The Cezanne presented by Fry to the British public was the painter of Apples and Biscuits c1880, which he translated as an exercise in reduction. Bewitched by formal beauty, he missed the point. Cezanne's apples are charged with sexual meaning, and their potential decay resonates with echoes of mortality. Certainly, Cezanne invented a new way of seeing the world, but this show is not about landscapes and still-lifes. It is about passion, sex and death.

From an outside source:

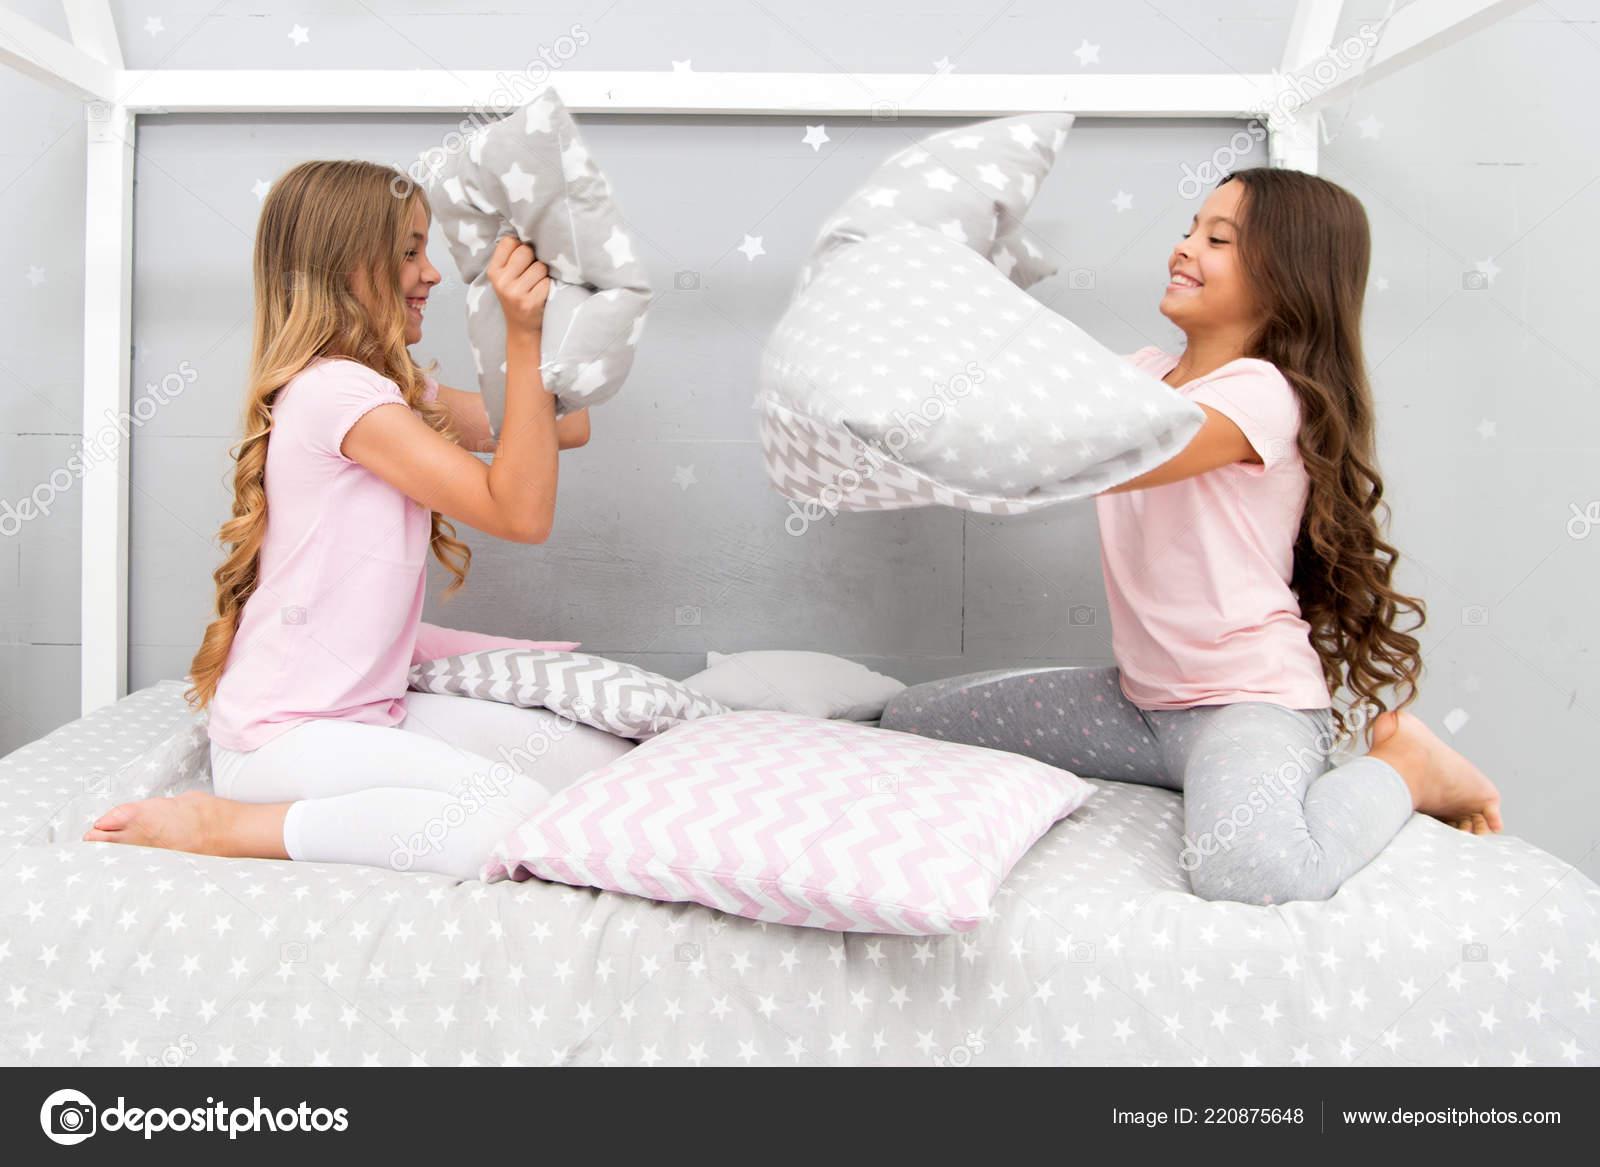 Фото на подушки для девушек

Cezanne's passionate involvement in his subject constantly outdoes his own draughtsmanship. Look at the disproportion of Bather and Rocks of 1867. Cezanne delights in the lumpenness of the human form, not least his own. In Cezanne's hands, everyone becomes either a Provencal peasant or a clandestine self-portrait. For Fry, the constantly repeated views of Mont Sainte Victoire were a dogged re-analysing of the appearance of nature. Seen en masse, however, these images suggest rather that Cezanne is intoning a visual litany, in the hope of invoking a presence to vouchsafe some hidden truth.

Ultimately, the Mont Sainte Victoire paintings do not belong among the landscapes. Away from the mountain, Cezanne uses landscape (as he does portraiture) as a means of escape; a release from the personal and metaphysical implications of the apples, skulls and bathers and the vastness of the escarpment.

Skull and Candlestick, painted in 1866, is a classic memento mori, and little more than an academic exercise. By 1898, however, in Pyramid of Skulls, death has become real - oppressive, inevitable and horrid. It is a tribute to the curators' understanding that this has been hung alongside a similar study of a skull in a room devoted to "late drawings and water-colours".

In 1906, close to death himself, Cezanne despaired: "Shall I ever arrive at the goal which has been so long pursued?" He answered the question himself soon afterward with The Large Bathers, from Philadelphia, here given a wall to itself. It was the only truly monumental work that Cezanne ever painted, and he got it right. It is also, perhaps, the one work here which is not a terrified venture into the unknown.

Cezanne was wracked with doubt, not least about his own ability. That queues to see his work should snake for half a mile would have astonished him. Most probably, he would have stayed at home.